Nehru was not inclined to accept any challenge to his total and complete authority over the Congress. He decided to quit the Working Committee, but preceding that he resigned from the Parliamentary Board and the Congress Election Committee. In the meantime, Nehru’s loyalist Rafi Ahmed Kidwai engineered a resolution on July 13th, 1947 in which 29 members of the CWC authorized Nehru with the last word on all the 4000 odd Congress candidates for the upcoming General Elections. This was the beginning of authoritarian rule in the Congress. PD Tandon duly opposed this resolution. Kidwai resigned from the Congress, but Nehru still kept him in the Cabinet. When PD objected, Rafi resigned from the Cabinet as well. He kept attacking the Rajarshi, and eventually joined hands with Kriplani to form the Krishak Mazdoor Prija Party. Nehru also resigned from the CWC in the last week of July 1951. Nehru, the PM, had asked the party to choose between his vision (complete control) or Tandon (his Hindi and Hindu concerns). Tandon’s position had become untenable.
Eventually, Tandon was forced out of the Presidentship of the Congress Party in September 1951. He literally walked back home, cheered by hundreds of supporters. He did enter the Lok Sabha in 1952 and then the Rajya Sabha in 1956, but was not able to play a key political role. With his resignation, the Dharmik outlook in the party had been effectively checkmated. With Shyama Prasad Mukherjee’s resignation in April 1950 over Nehru-Liaquat Pact, and Patel’s death in December 1950, Rajaji remained the last person in the Cabinet to represent Right-wing interests. On the question of threat posed by Hindu Mahasabha vis-à-vis Communists, pardon to Telangana rebels and the China policy, Rajaji also resigned as Home Minister in October 1951. Nehru’s authoritarian hold over the party and the government were unchallenged. Nehru himself became the President of the party in 1951 and 1952.
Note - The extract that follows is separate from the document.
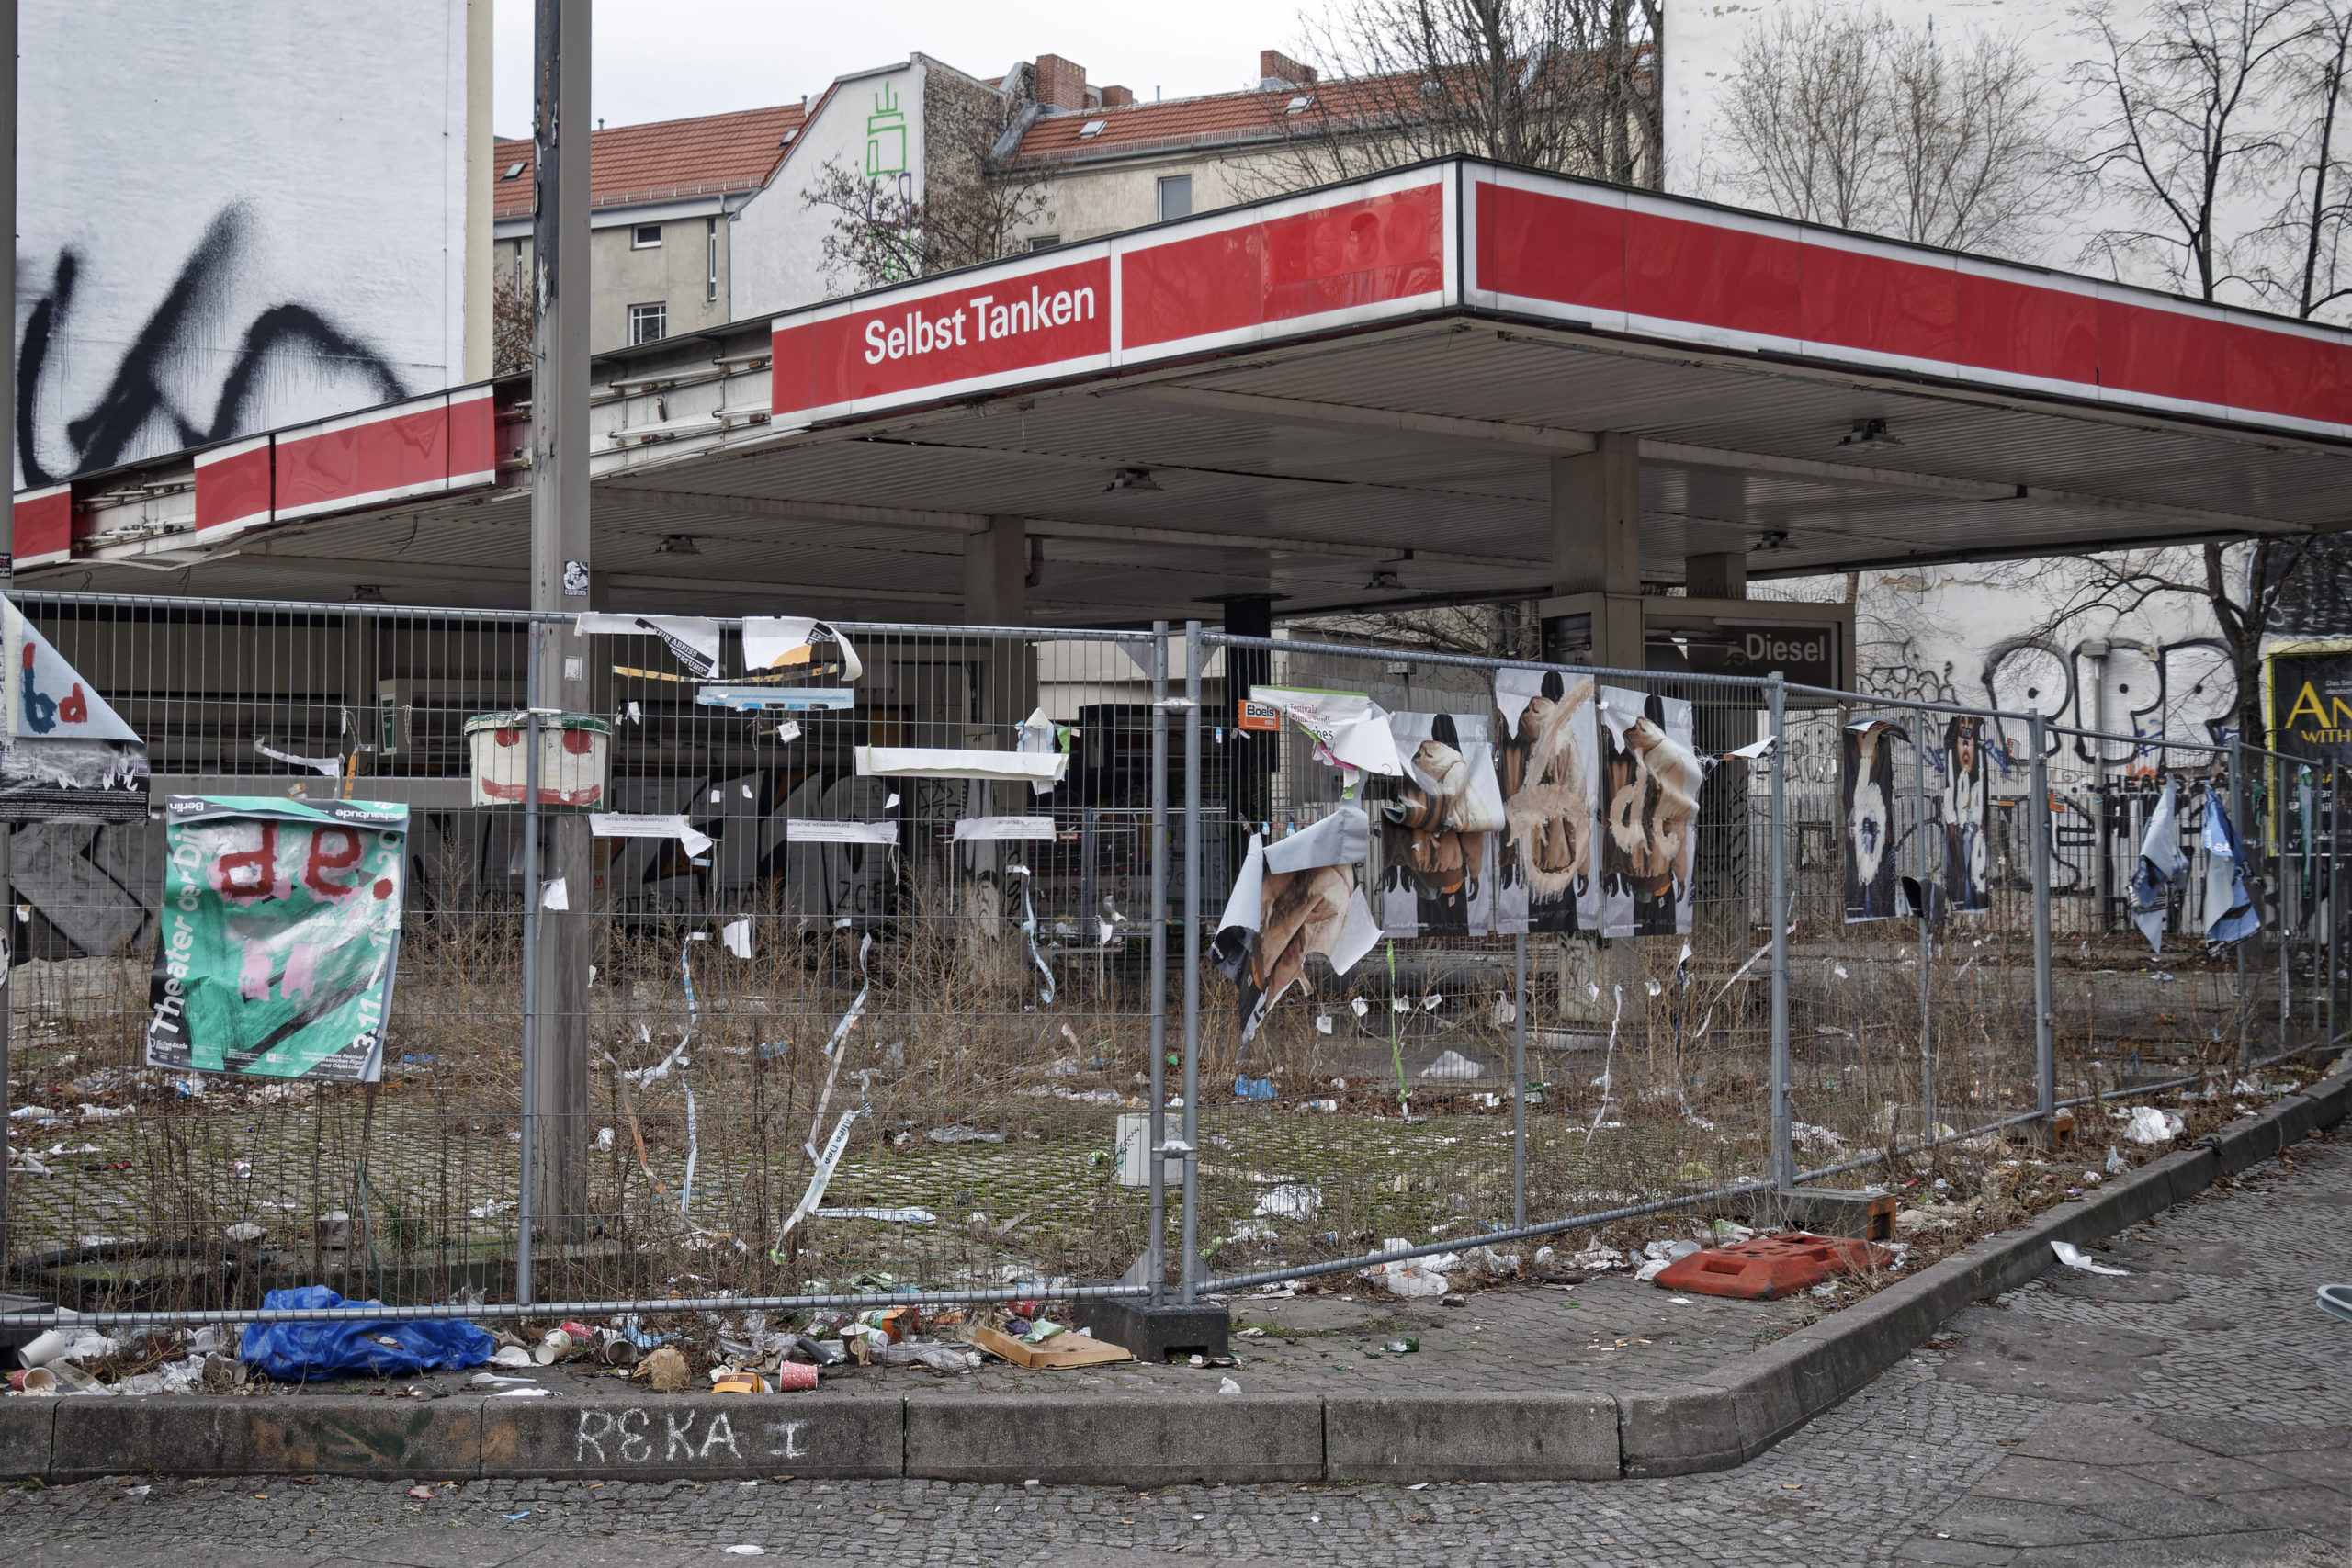 Mai in Berlin Lange war es ruhig um die Esso-Tankstelle an der Neuköllner Sonnenallee. Nun soll sie für ein eintägiges, alternatives Festival Ende Mai zum Leben erwachen.

Lackeys among historians present PD Tandon as an obscurantist, communal, orthodox, Hindi bigot, as against Nehru’s secular, socialist and liberal persona. Of course, their sleight of hand is economical with truth, and does great disservice to the last man who stood against Absolute Nehruvianism in the Congress party and the country. Even Nehru’s dictatorial measures are explained away by the exigencies of the times. That the Hindu-Sikh minorities in Pakistan and Bangladesh did not get a fair deal in Partition, or its aftermath, has been proved to be true. Nehru-Liaquat Pact did not prevent massacre of Hindus in East Pakistan, while India looked away. Hindi owes some gratitude to the Rajarshi for the Official Language Status. His views on religious conversions have proved to be prescient. If Purushottam Das Tandon’s concerns on Partition, minorities and religious conversions had received more traction, Hindus would certainly have been safer and more secure today.